The December 2010 crash occurred as a police sergeant chased a car after police command ordered officers not to engage in pursuit.
That policewoman denied hearing the stop-chase order from police radio command.
The car chased by the sergeant went out of control during the hi-speed pursuit down narrow School House Lane, striking a tree and bursting into flames.
Two men burned to death inside the car while a third occupant was thrown from the vehicle.
Police initially tagged the survivor of the wreck as the driver but were flummoxed when the survivor’s family stated he was blind and couldn’t have driven any vehicle.
News reports of that crash reported that it occurred “after” police ended their pursuit, making no reference to the active pursuit by the policewoman.
Those news reports also listed the survivor – the blind man – as the driver of the car.
One police accident investigator, incensed by what he considered errant acts by the sergeant, initially recorded that car crash as “manslaughter-gross negligence-no arrest.”
Lt. Perry did come to that accident scene after the crash, taking charge as a ranking supervisor at the chaotic scene, performing supervisory duties that the pursuing sergeant did not.
Police investigators interviewed Perry about the allegations in that anonymous letter but dropped the matter as unfounded.
The family of one of those fatally burned in that 2010 crash recently filed a federal lawsuit against the City of Philadelphia and against the pursuing officer, Sgt. Christine Fitzgerald.
That lawsuit contends Fitzgerald failed to follow the PPD’s Directive 41 that limits high-speed chases in urban areas because of the “significant risk of personal injury and death recognized” by PPD and City officials as potentially being caused by such chases.
“Defendant Fitzgerald’s actions were arbitrary and taken in reckless indifference to the safety” of that vehicle’s occupants, that lawsuit alleged.
PPD spokesmen said the Department would not comment on the lawsuit or the incident since the “case is still active.” A PPD spokesman said Internal Affairs is completing its investigation into the 2010 crash, including an examination of possible violations of Department regulations.
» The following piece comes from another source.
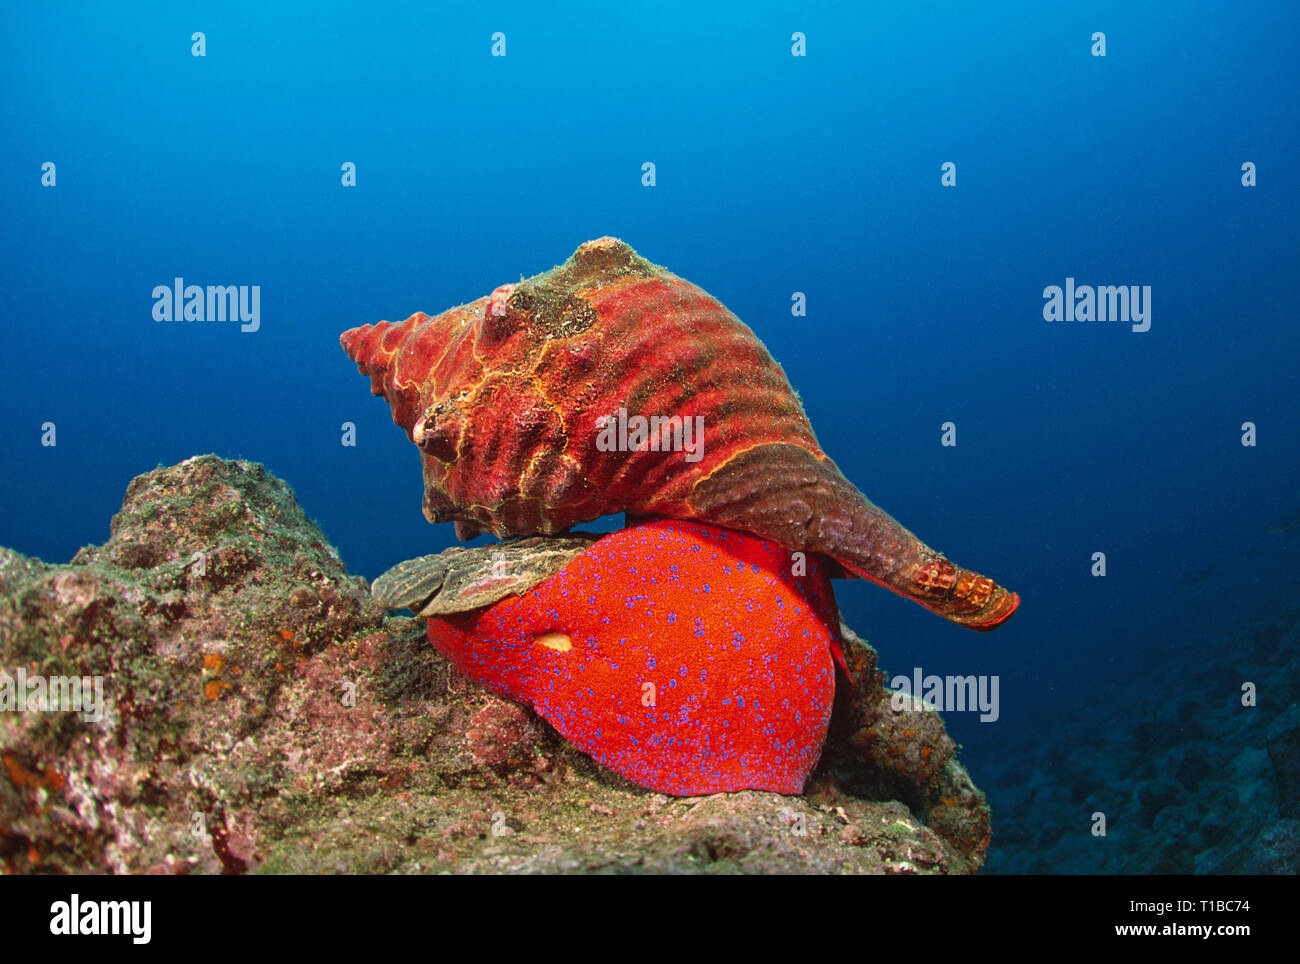 Panama Horse Conch or Galapagos Horse conch (Fasciolaria princeps), Galapagos Islands, Ecuador Stock Photo
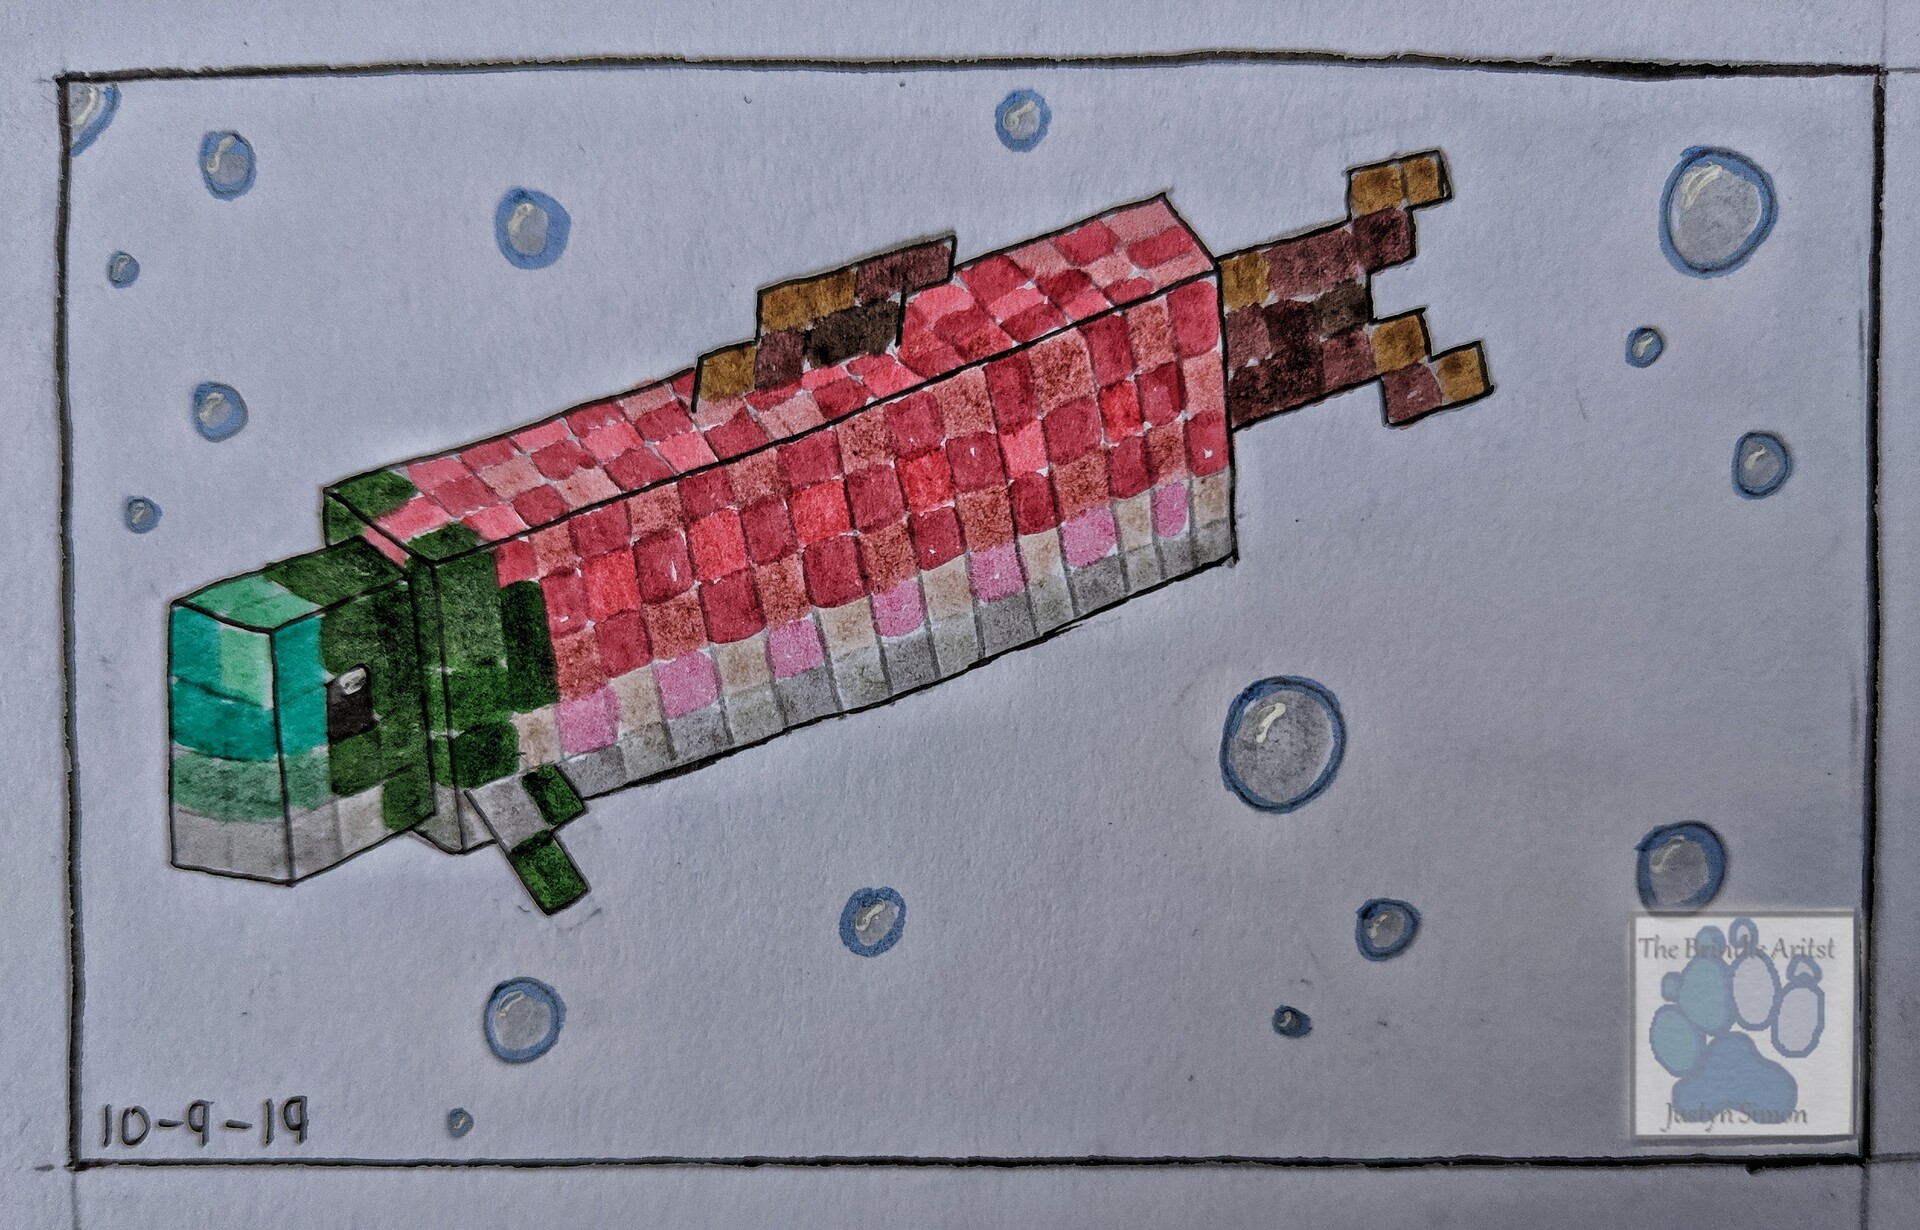 Minecraft Salmon

Aside from the crash issue, Philadelphia police and prosecutors charged Perry with stealing utility services, claiming she had tampered with meters to obtain electric, gas and water service without paying. Curiously, police and prosecutors failed to publicly provide any details about Perry’s alleged misconduct as would be standard procedure in arrests.
Supporters of Perry see her arrest as another instance of retaliatory assault against this whistle-blower.
Such a contention is not without foundation, given the sordid history of retaliatory acts against whistle-blowers by PPD personnel and police union officials — acts that that take place both on the job and after work.
For example, retaliation drove three white policemen –- Ray Carnation and brothers Bill and Mike McKenna –- who had reported on cases of racism and misconduct by fellow officers, out of the PPD in the late 1990s.
They received a record-setting $10-million federal jury verdict in a whistle-blower lawsuit, but City Hall appeals and suspect rulings by a federal judge stripped them of their rightful reward for retaliation.
Police whistle-blowers frequently find little support from their police union, the fraternal Order of Police.
Earlier this year in Philadelphia, the FOP won its campaign to reinstate a policeman fired for stealing money from civilians even though those acts had been observed by other police officers and documented on video by PPD investigators.